BEGIN

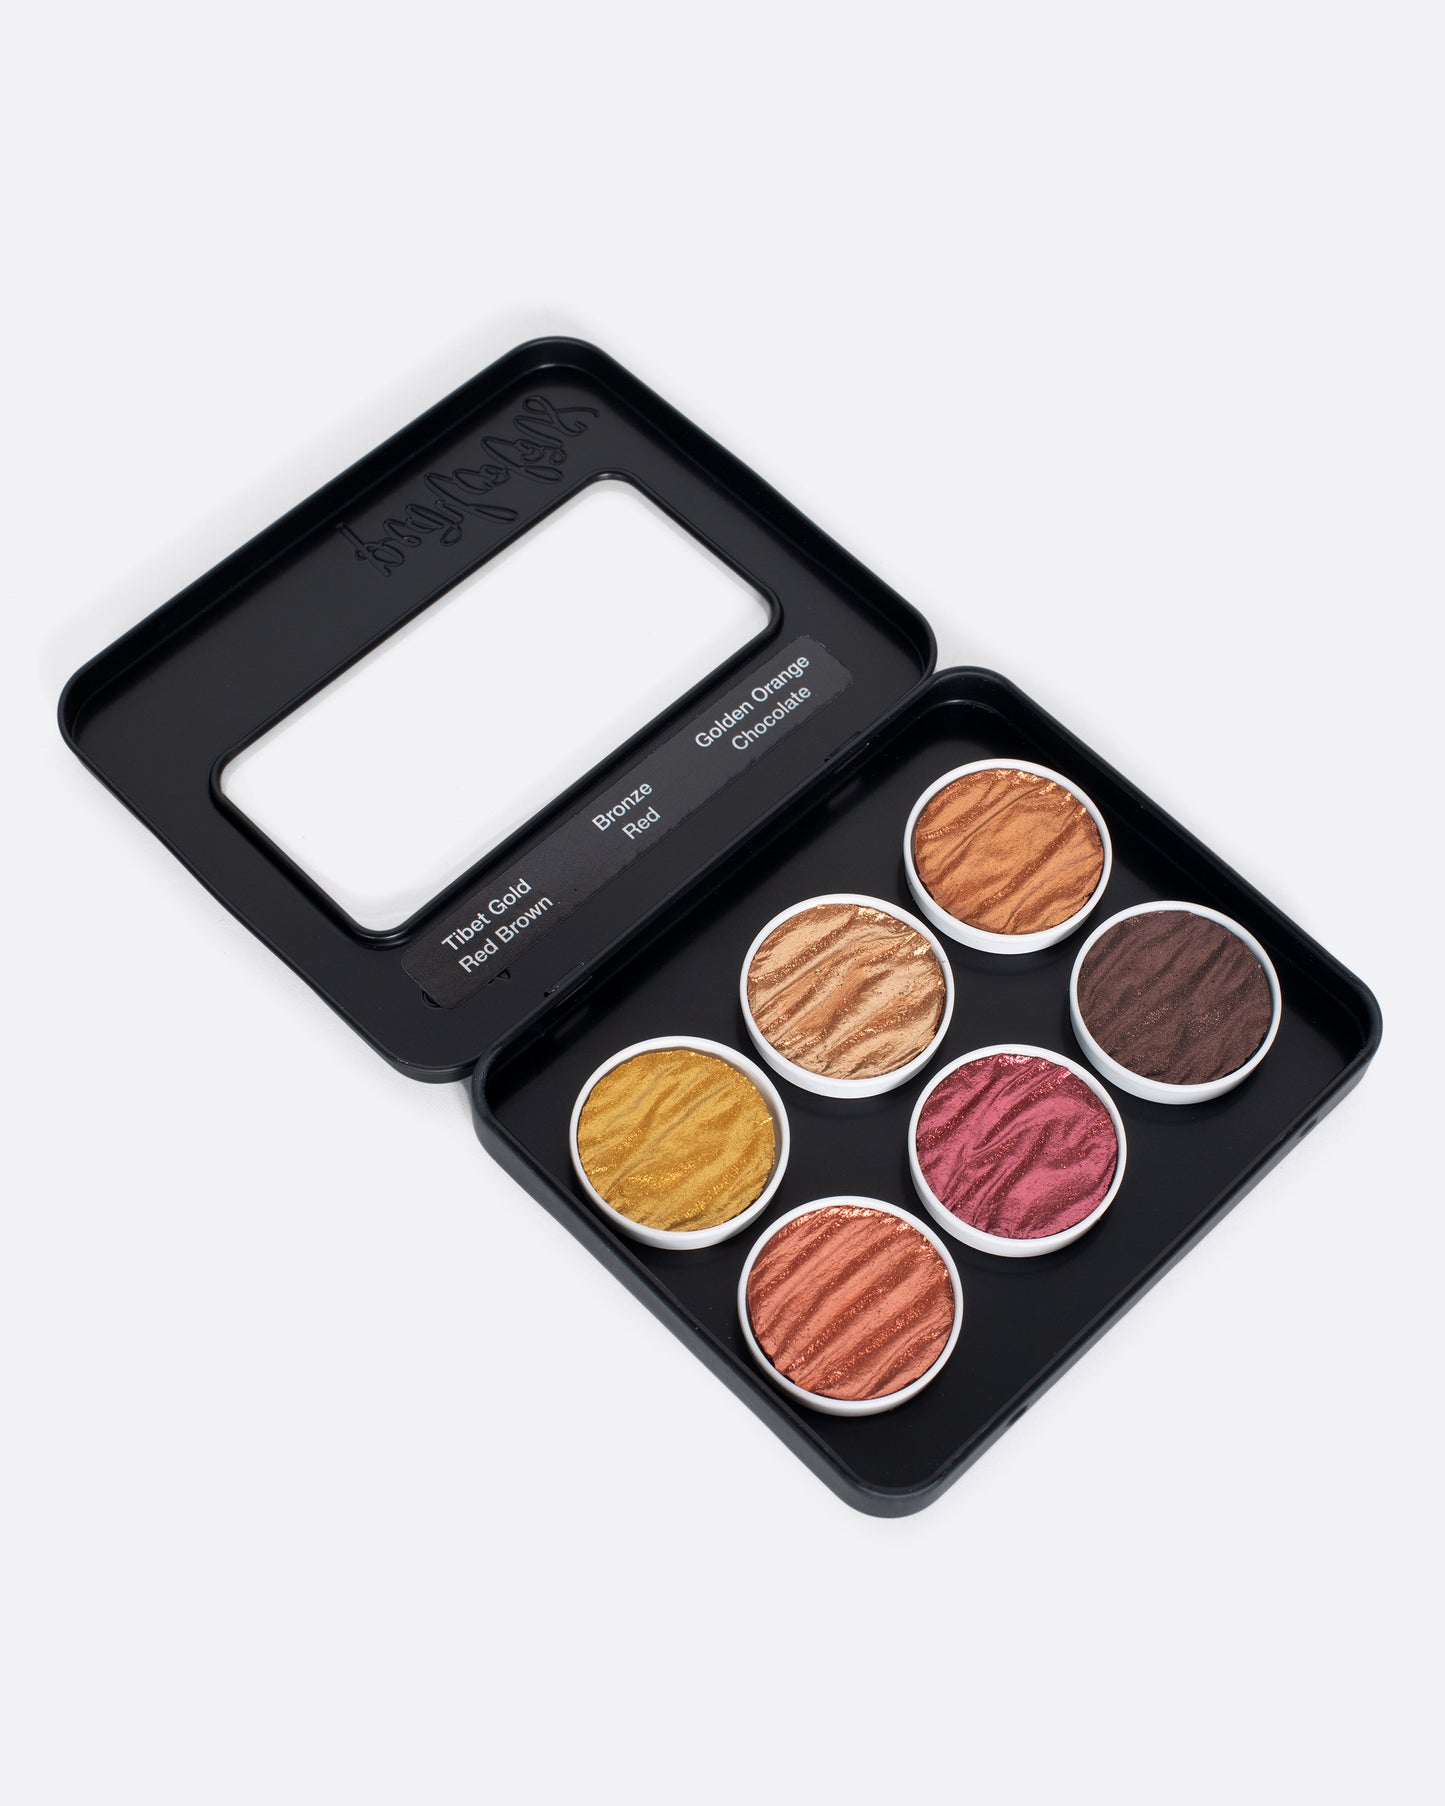 Made in Germany, this metallic watercolor set features colors themed like tones of the earth
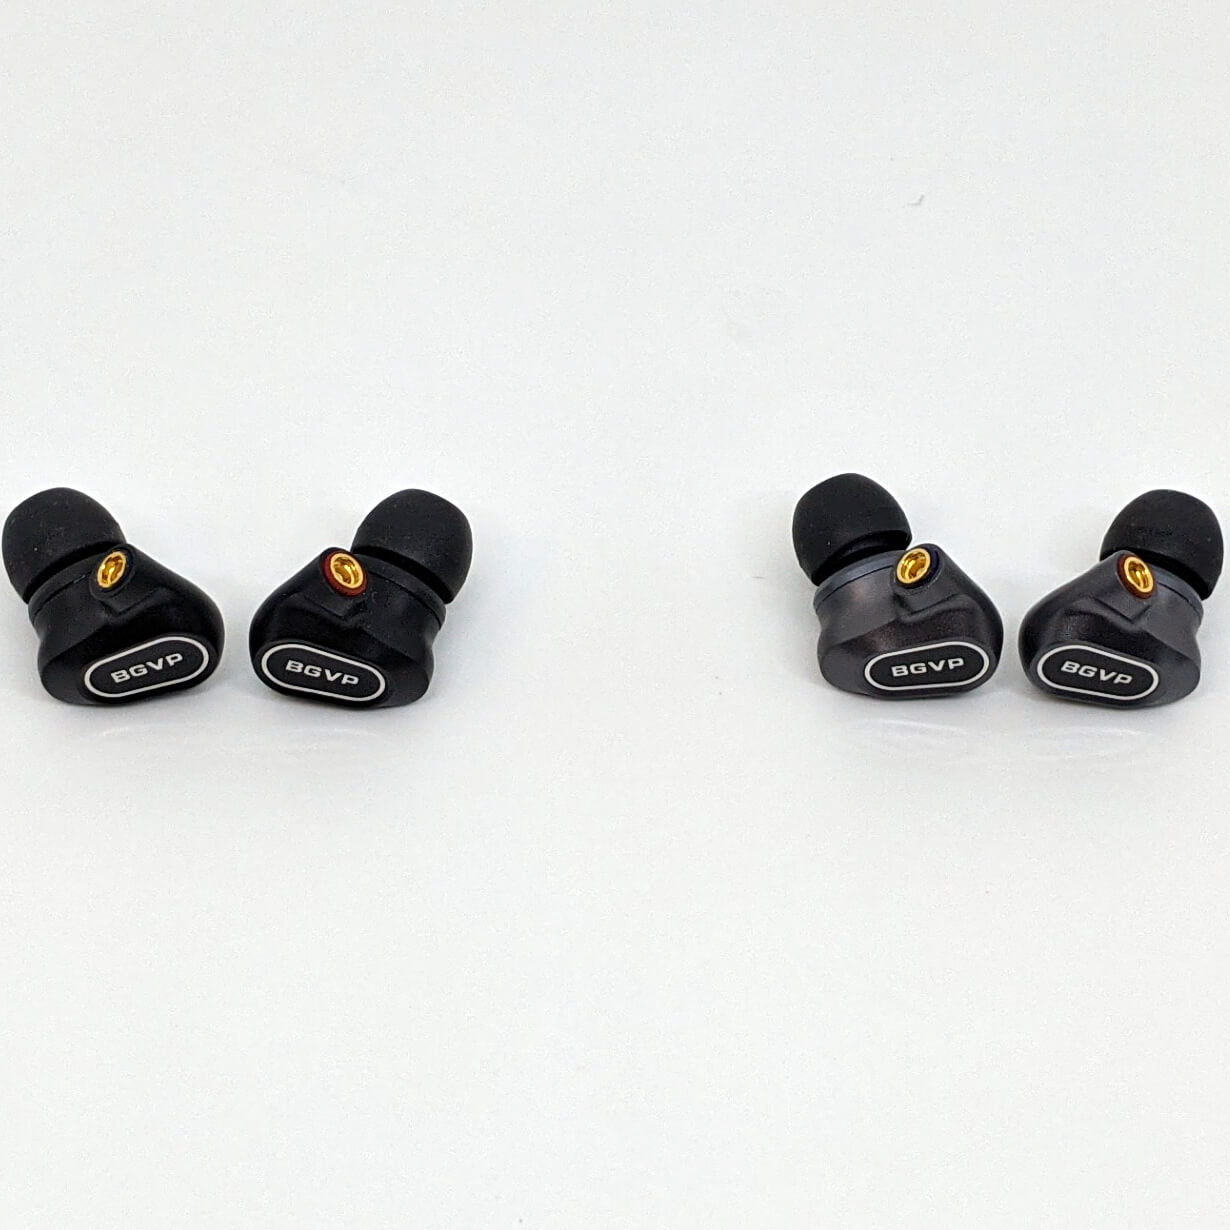 Buy BGVP DN2 Earphone at HiFiNage in India with warranty.
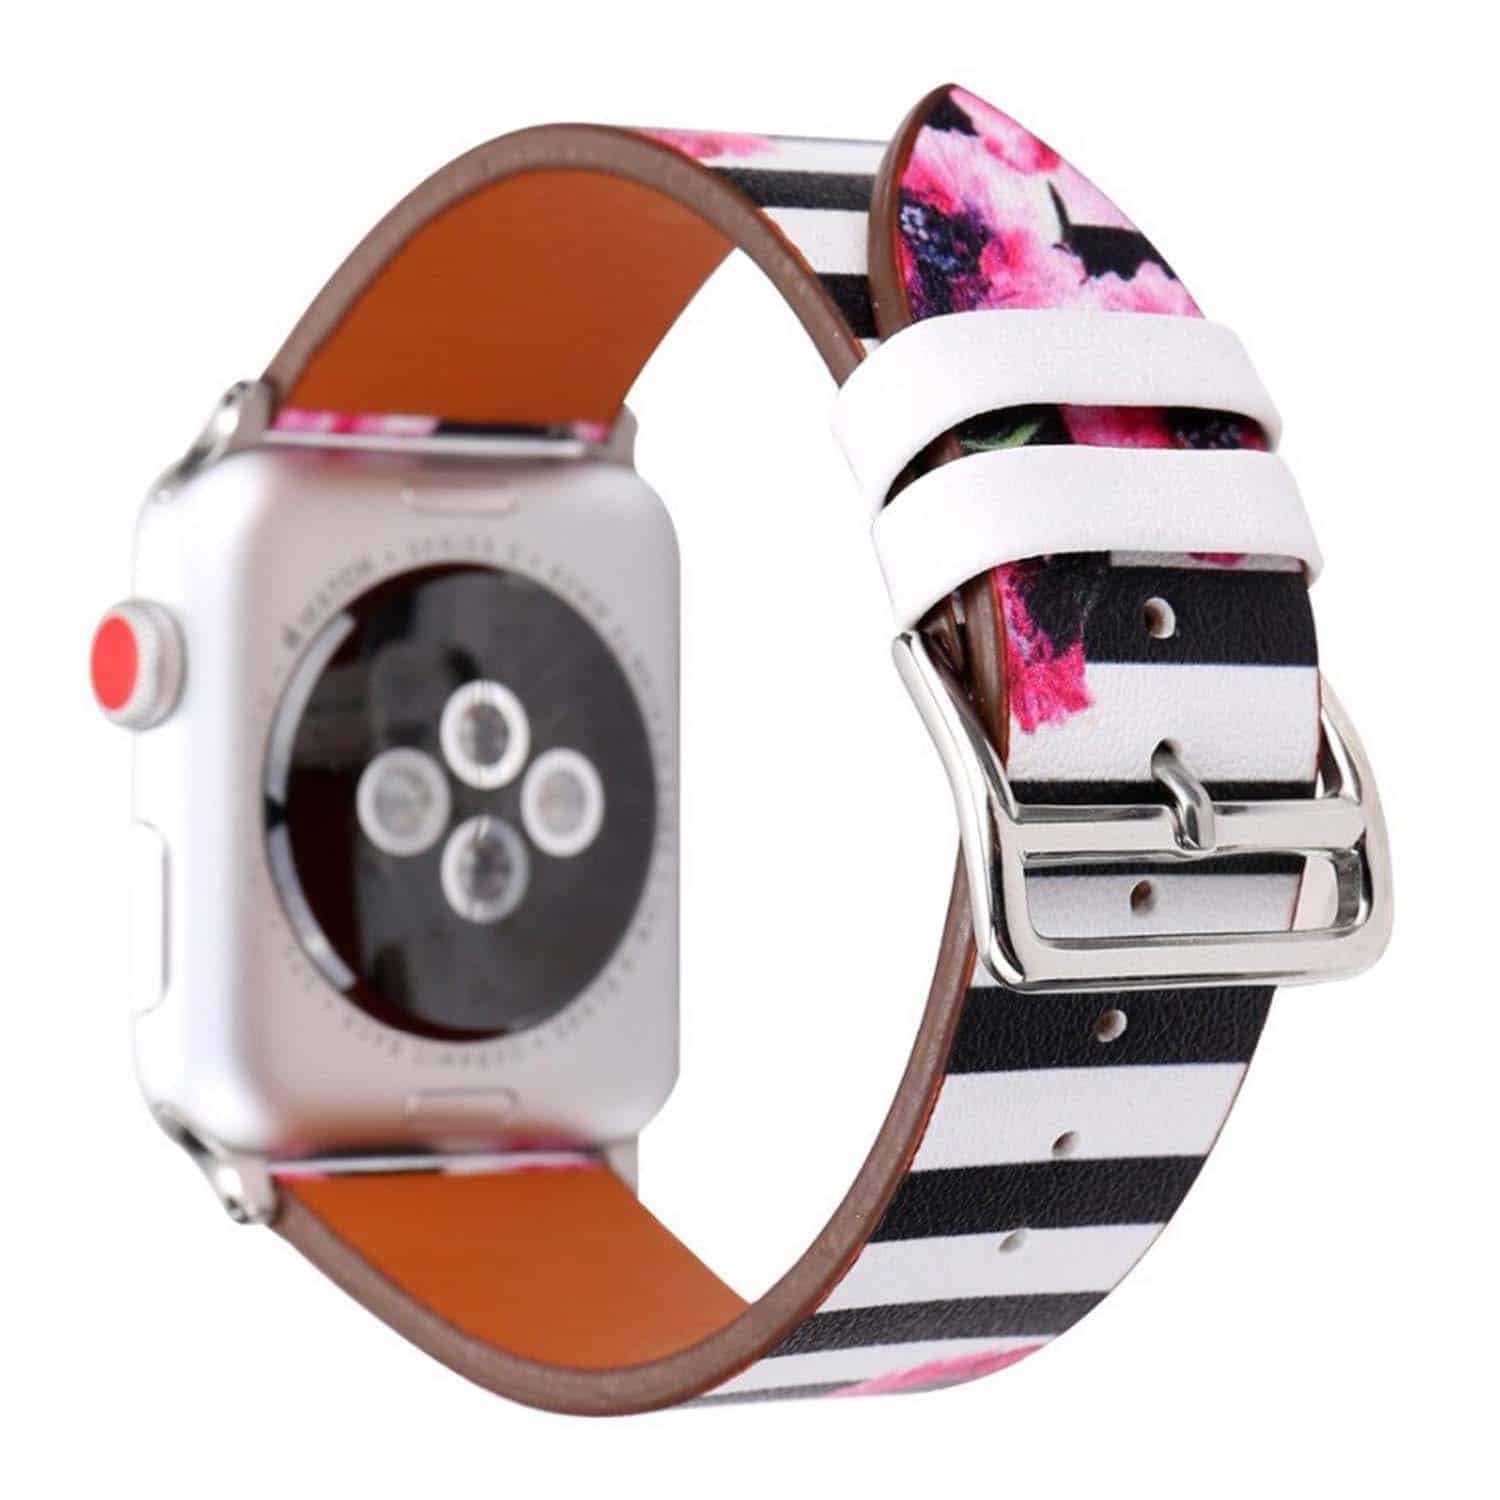 FocusFit – Apple Genuine Leather Classic Replacement Square Buckle Strap

END

Goal of the exercise - Would you copy the lines from the one holding "Buy BGVP DN2" down to the last line of the material, both included, exactly and with nothing added, skipping the pictures?

Result below -
 Buy BGVP DN2 Earphone at HiFiNage in India with warranty.
 FocusFit – Apple Genuine Leather Classic Replacement Square Buckle Strap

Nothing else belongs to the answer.